Neale began his journey in the most ordinary way. Overstressed and overextended by modern day life when the options ran out and frustration reached its peak, he turned to God. Desperate questions scratched on a legal pad in the middle of a long, sleepless night, began a precious dialogue which changed Neale’s life forever and eventually changed the lives of millions. This process began over 10 years ago and became the much loved Conversations with God Series.

Today the books have been translated into 37 languages, and Book One remains to this day in the 100 top selling spiritual books on Amazon.com.

Neale was born into a Roman Catholic family living in Milwaukee, Wisconsin. His first spiritual teacher was his mother, who taught him not to be afraid of God, as she believed in having a personal relationship with the Divine. She taught Neale to do the same. A non-traditional believer, Neale’s mother hardly ever went to church, and when he asked her why, she told Neale, “I don’t have to go to church-God comes to me. He’s with me and around me wherever I am.” This view of God in his childhood would open Neale fully as an adult to transcend the traditional views of organized religion and bring to the world the message found in Conversations with God.

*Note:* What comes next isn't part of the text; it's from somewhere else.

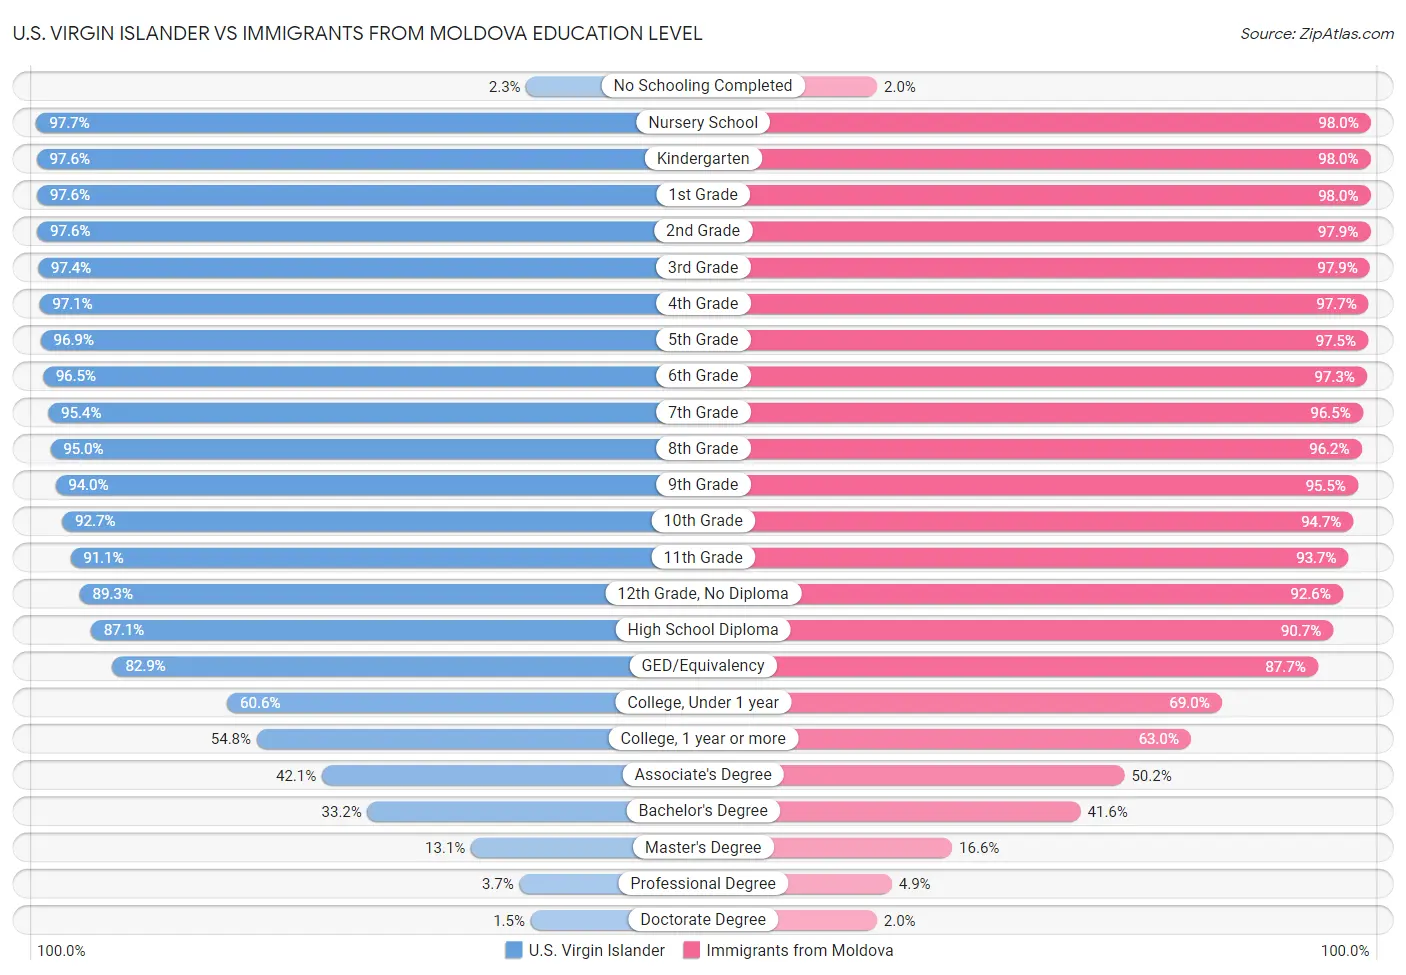 U.S. Virgin Islander vs Immigrants from Moldova Education Level

An insatiably curious child, Neale’s comments about life seemed to possess a wisdom far beyond his years, and caused relatives and family friends to often ask, “where does he come up with this stuff?” While attending a Catholic grade school, Neale would often pose questions in Catechism class that would extend past the traditional grade school curriculum. Finally, the parish priest invited Neale to his rectory to answer questions. This meeting turned into a once-a-week visit that blossomed into an open forum where Neale learned not to be afraid to ask questions about religion and spirituality-and also learned that his asking these types of questions did not mean that he would offend God.
By the age of 15, Neale’s involvement with spiritually-based teachings led him to begin reading a variety of spiritual texts, including the Bible, the Rig Veda, the Upanishads and Divine revelation according to Sri Ramakrishna. He noticed that when people got involved in religion they seemed less joyful and angrier, exhibiting behaviors of prejudice and separateness. Neale concluded that the collective experience of theology was not positive.

After graduating from high school, he enrolled at the University of Wisconsin at Milwaukee, but academic life could not hold his interest and he dropped out of college after two years to follow an interest in radio broadcasting that eventually led to a full-time position at the age of 19 at a small radio station far from his Milwaukee home, in Annapolis, Maryland.

Restless by nature and always seeking to expand his opportunities for self-expression, Neale in the years that followed became a radio station program director, a newspaper reporter and, ultimately, managing editor, public information officer for one of the nation’s largest public school systems, and, after moving to the West Coast, creator and owner of his own public relations and marketing firm. Moving from one career field to another, he could not seem to find occupational satisfaction, his relationship life was in constant turmoil and his health was going rapidly downhill.

He had relocated in Oregon as part of a change-of-scene strategy to find his way, but Fate was to provide more than a change of scene. It produced a change in his entire life. A car driven by an elderly gentleman made a left turn directly into his path, Neale emerging from the auto accident with a broken neck. He was lucky to escape with his life.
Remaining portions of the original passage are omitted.